» TASK STATEMENT:
Leave out the pictures and restate exactly, and only, the lines from the one that contains "Elegance and passion" through the final line of the material below.

Start of DATASET SECTION

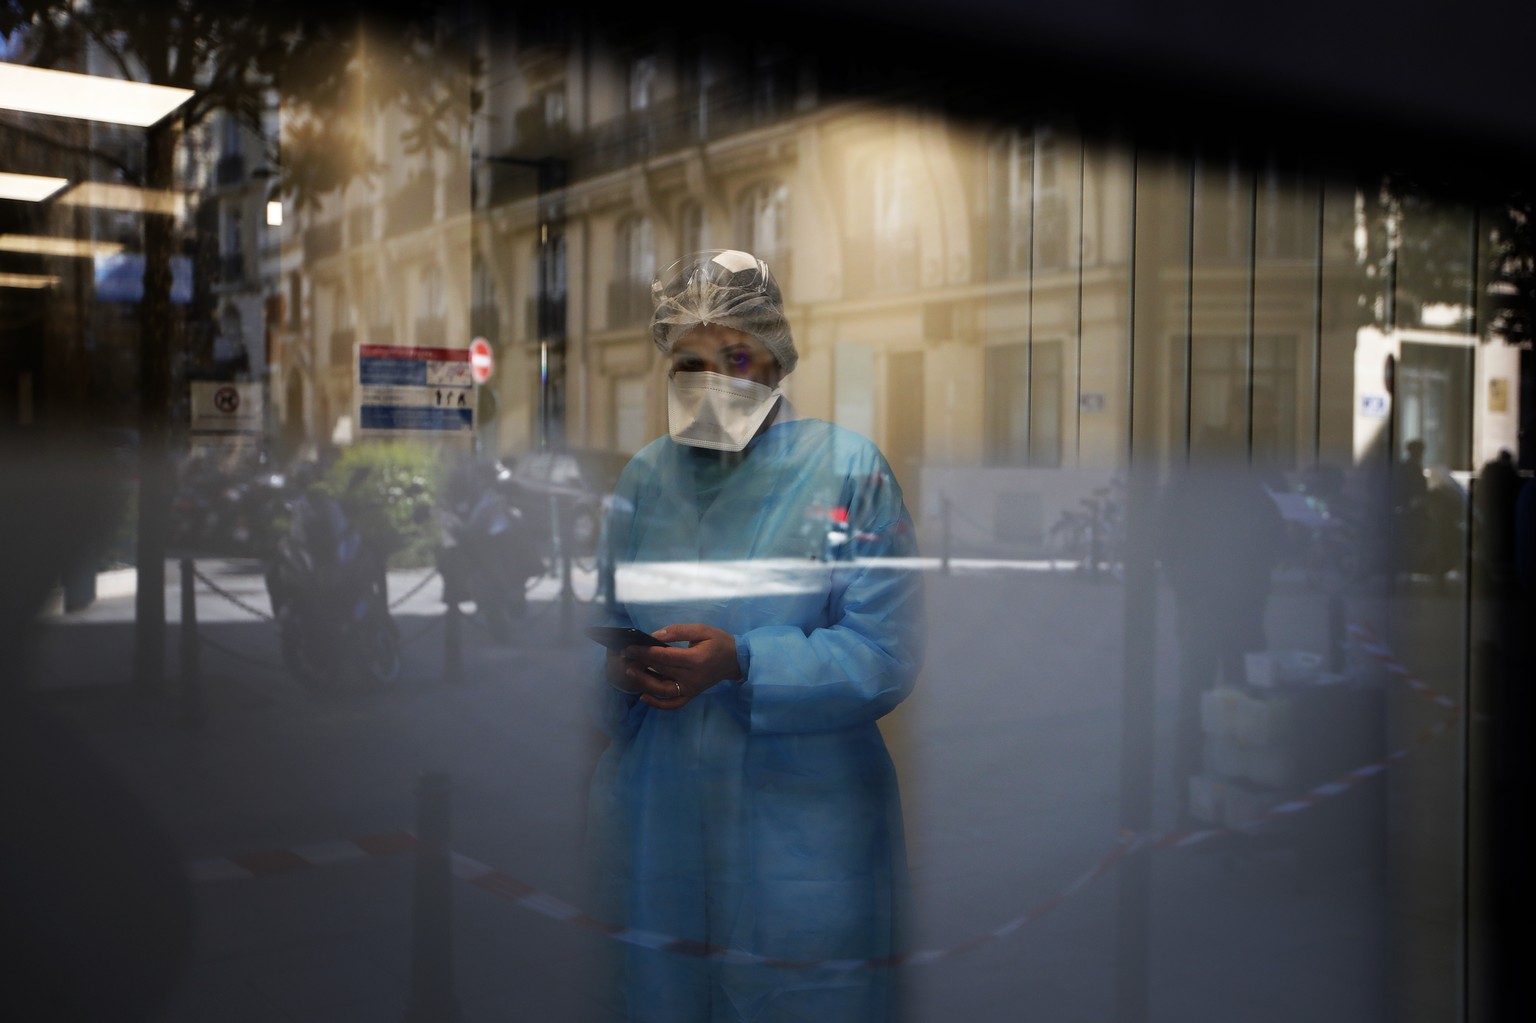 Biologist doctor Caroline Gutsmuth gives a phone call in medical biology laboratory who opened a coronavirus drive-thru testing site, in Neuilly-sur-Seine, near Paris, March 23, 2020. (AP Photo/Christ ...
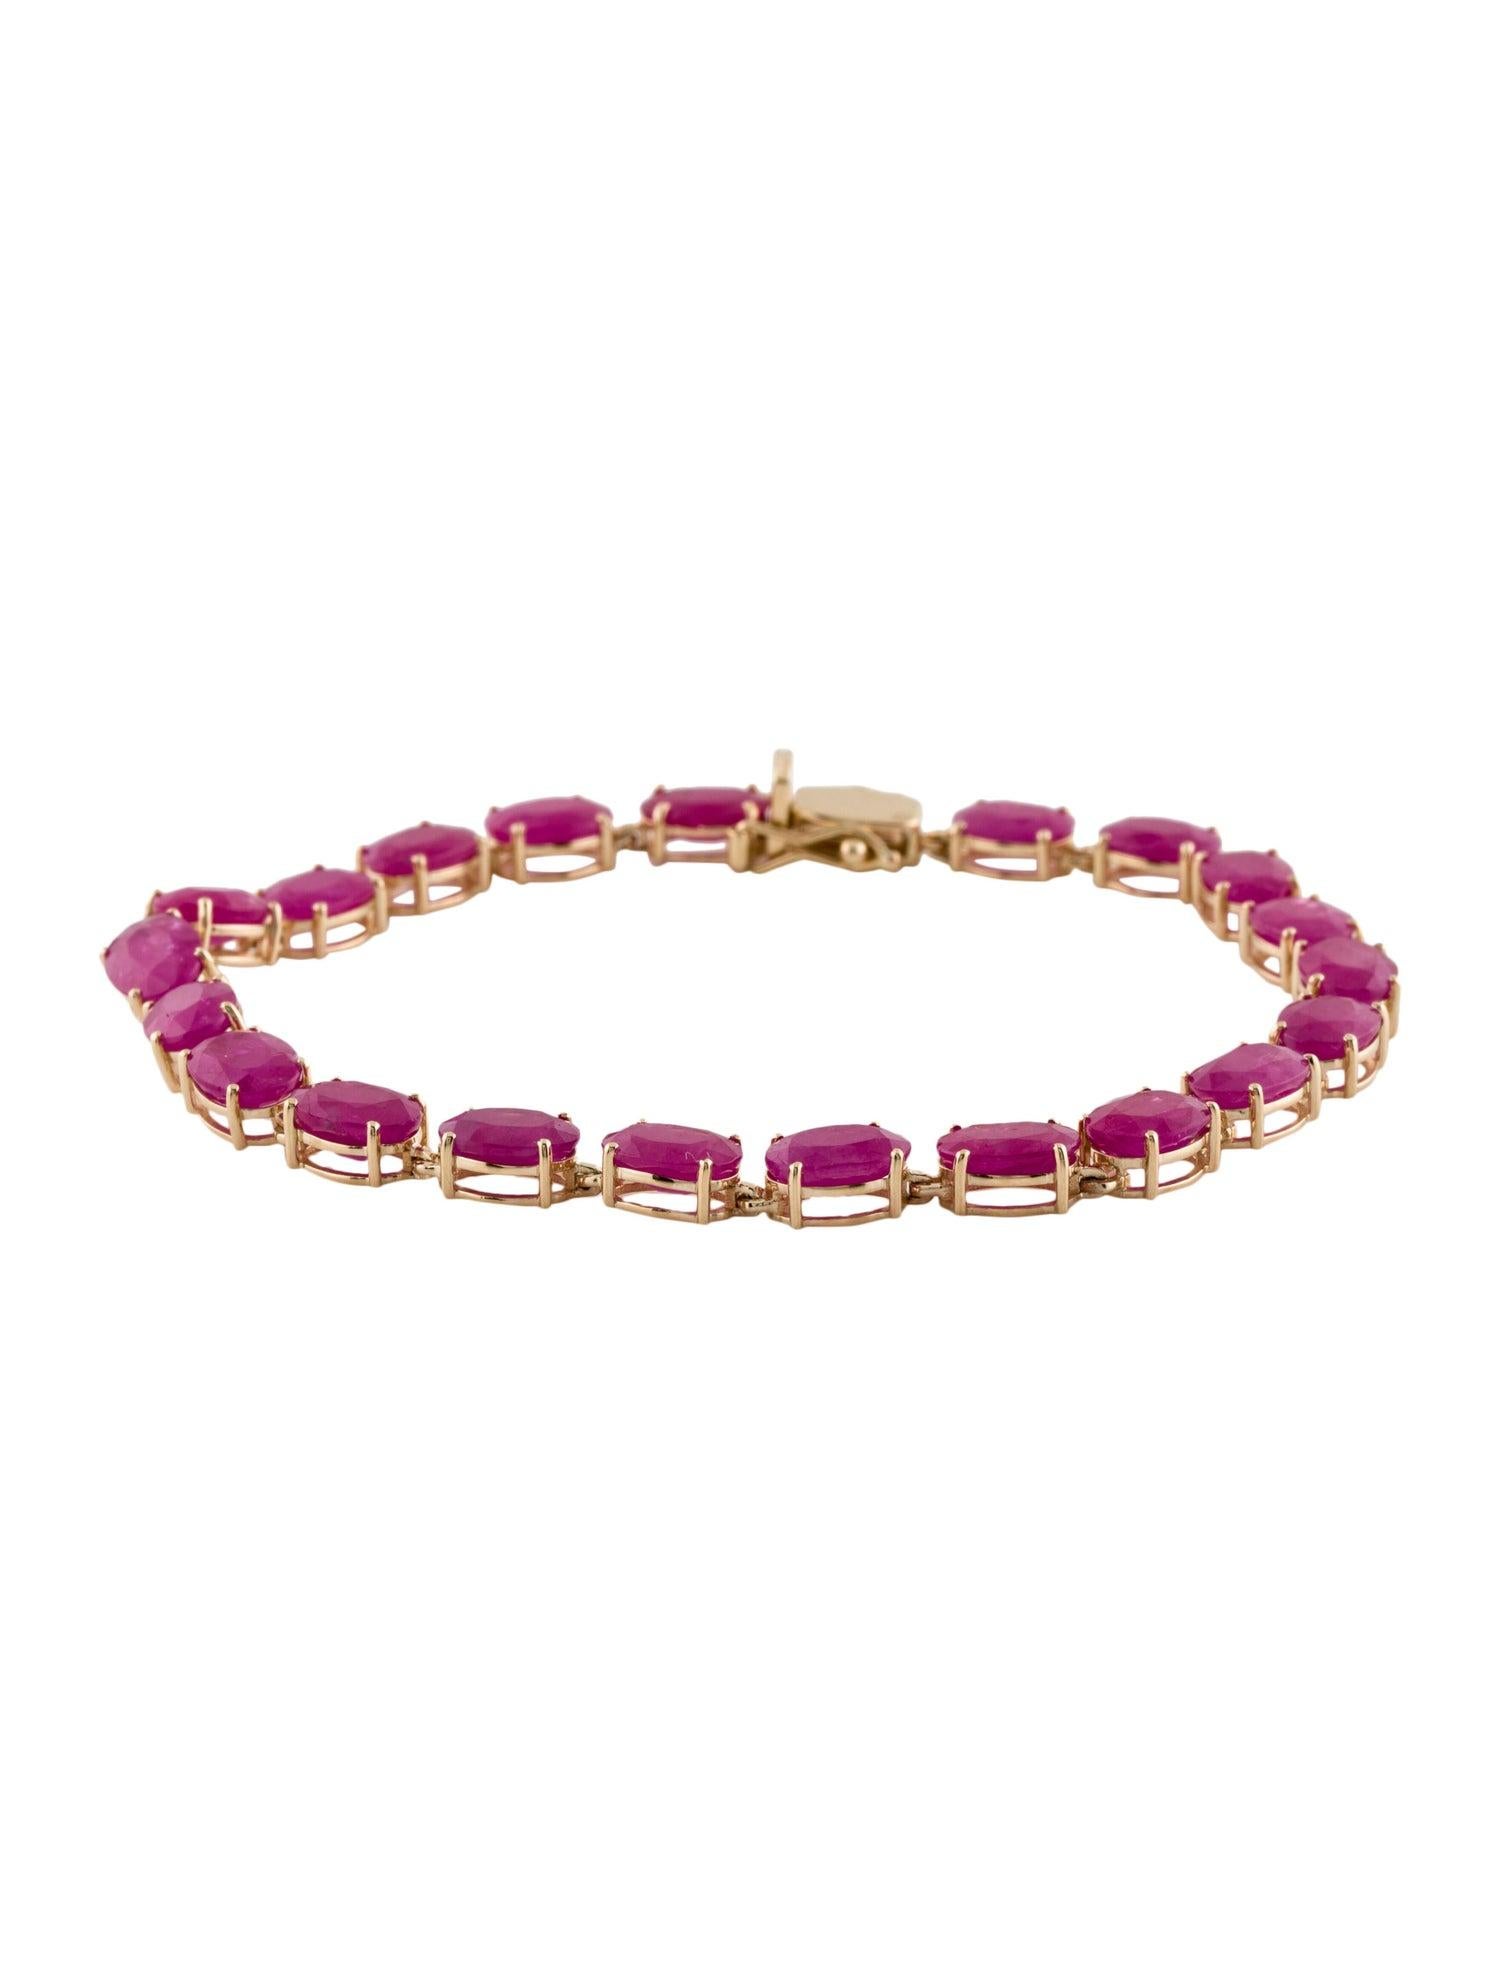 Elegance and passion intertwine in the exquisite Blooms of Passion Ruby Bracelet by Jeweltique. Crafted with the utmost care and a dedication to capturing nature's vibrant beauty, this bracelet is more than just a piece of jewelry – it's a testament
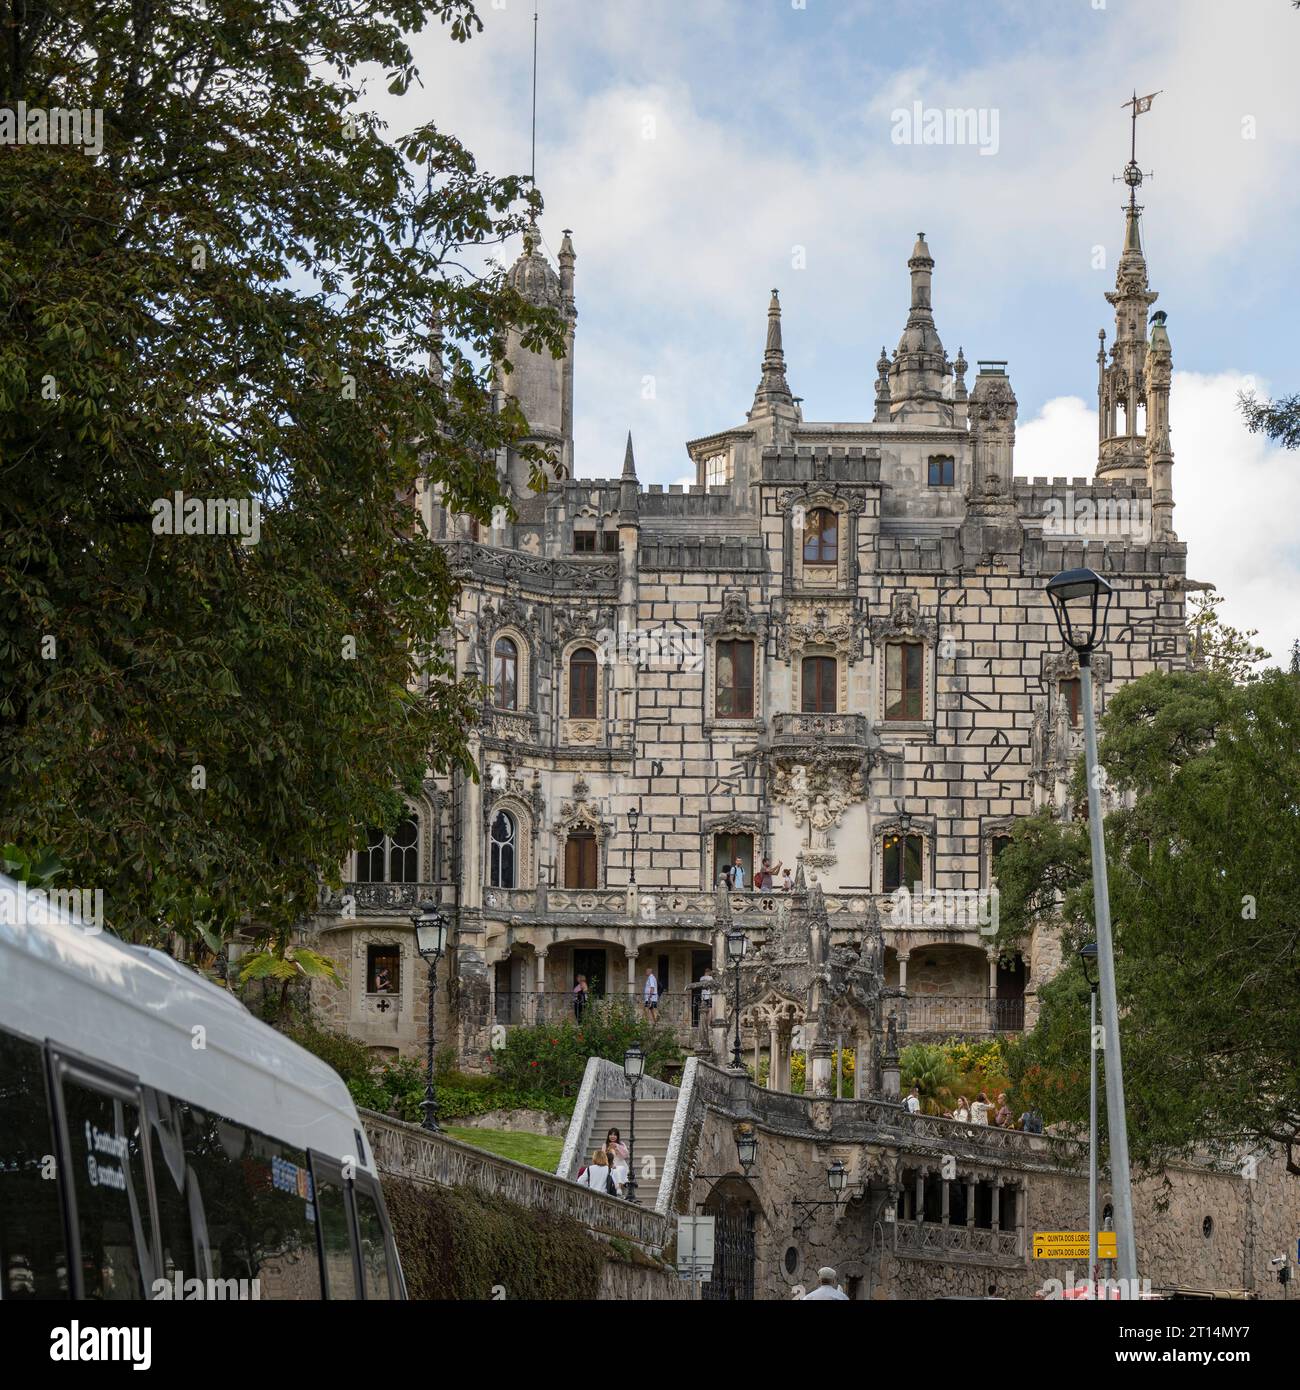 Quinta da Regaleira Palace, Sintra, Portugal Sintra is a town and municipality in the Greater Lisbon region of Portugal, A major tourist destination f Stock Photo

End of DATASET SECTION

» SOLUTION FOR THIS TASK:
 Elegance and passion intertwine in the exquisite Blooms of Passion Ruby Bracelet by Jeweltique. Crafted with the utmost care and a dedication to capturing nature's vibrant beauty, this bracelet is more than just a piece of jewelry – it's a testament
 Quinta da Regaleira Palace, Sintra, Portugal Sintra is a town and municipality in the Greater Lisbon region of Portugal, A major tourist destination f Stock Photo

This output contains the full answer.